Offene Fragen: Wie der Handwerker über Abläufe denkt
Erste Regel: Fragen Sie nicht, was der Handwerker leisten kann. Fragen Sie, wie er mit Situationen umgeht, die sich nicht planen lassen. Ein guter Fachmann zeichnet sich nicht dadurch aus, dass er Normen kennt – sondern dadurch, dass er versteht, was passiert, wenn Theorie auf die Realität Ihres Hauses trifft.
Statt zu fragen „Machen Sie die Wärmedämmung?“, fragen Sie:
- „In welcher Reihenfolge verlegen Sie die Dachschichten und warum genau in dieser?“
- „Was passiert, wenn während der Montage die Temperatur unter null fällt?“
- „Wie schützen Sie das Dach während der Arbeiten vor Feuchtigkeit, wenn Regen angesagt ist?“
Die Antwort muss nicht technisch perfekt sein – Sie könnten die Details ohnehin nicht überprüfen. Aber die Art, wie der Handwerker antwortet, sagt alles. Wenn Sie eine konkrete Abfolge, Risikobewusstsein und einen klaren Notfallplan hören – haben Sie es mit jemandem zu tun, der systemisch denkt. Wenn Sie Allgemeinplätze hören („Wir machen alles fachgerecht“) oder Irritation („Wozu brauchen Sie diese Details?“) – ist das ein Warnsignal.
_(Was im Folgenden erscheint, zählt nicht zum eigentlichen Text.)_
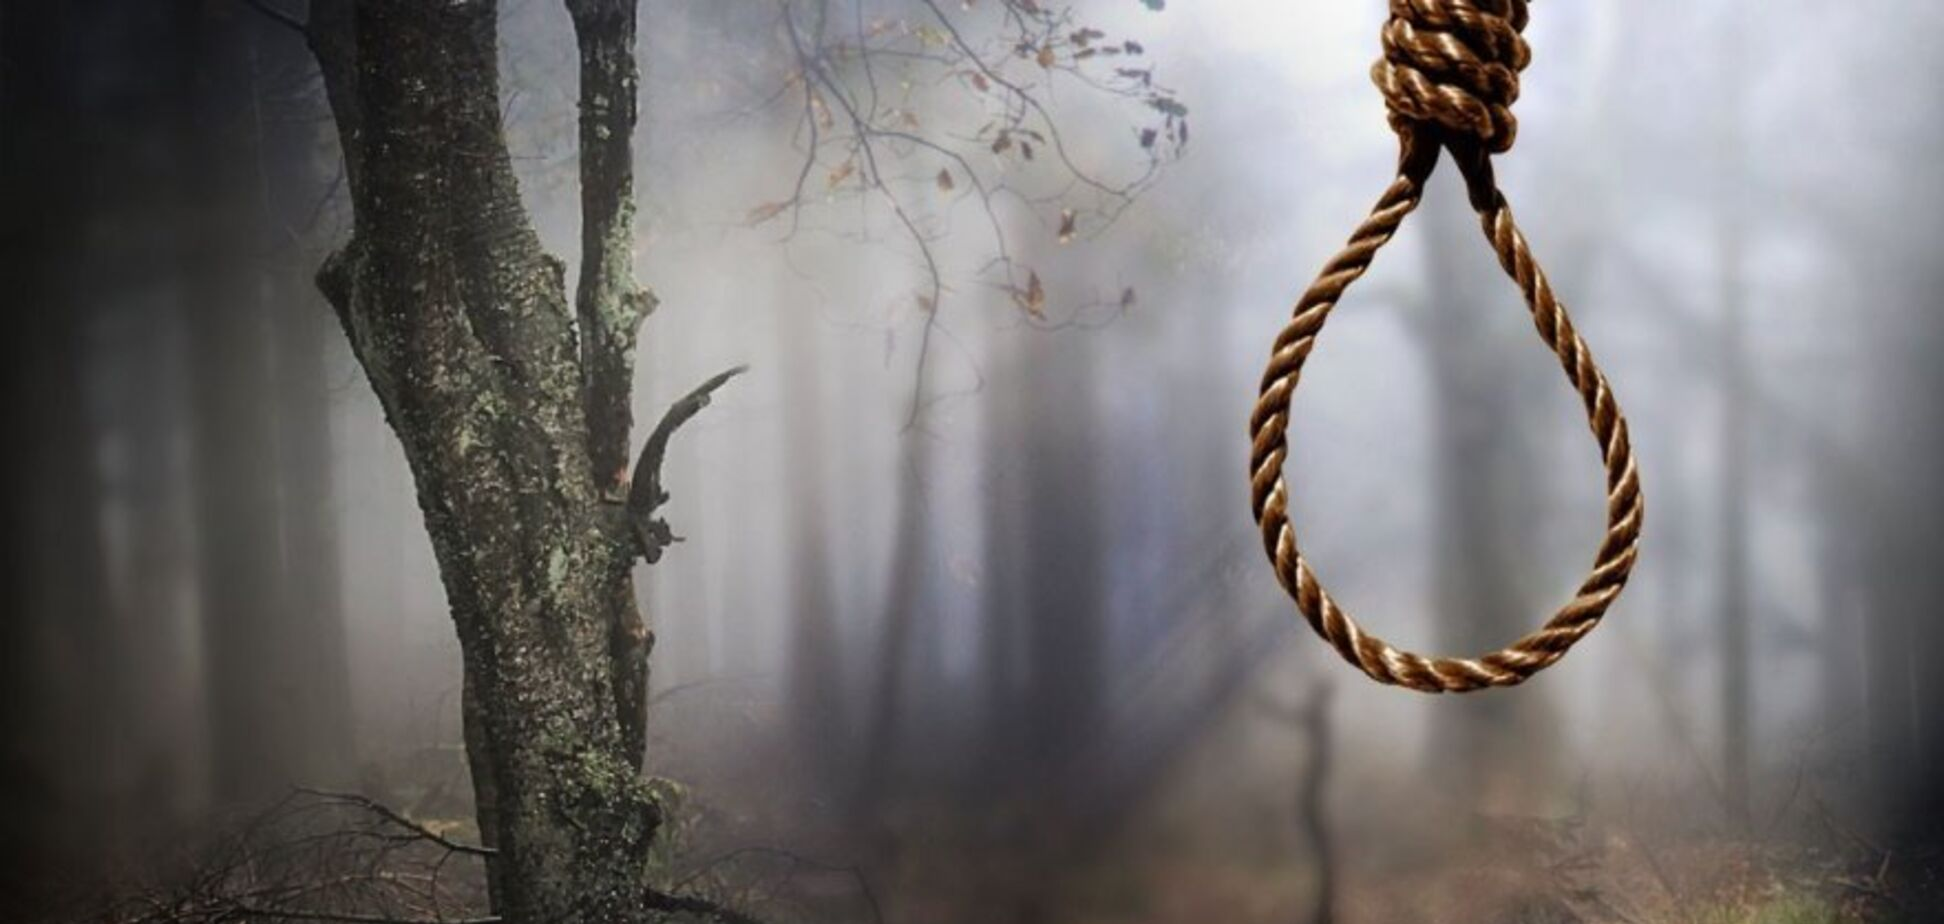 Висел на дереве: в Кривом Роге на улице нашли труп мужчины

Checkliste vor dem Gespräch
Bereiten Sie eine Liste mit Fragen vor, die nicht die Technik betreffen, sondern Verantwortung und Entscheidungslogik:
- Wer ist für die Koordination mit anderen Gewerken verantwortlich (z.B. Photovoltaik, Schornsteine)?
- Wie sieht ein typischer Zeitplan aus und was verzögert ihn am häufigsten?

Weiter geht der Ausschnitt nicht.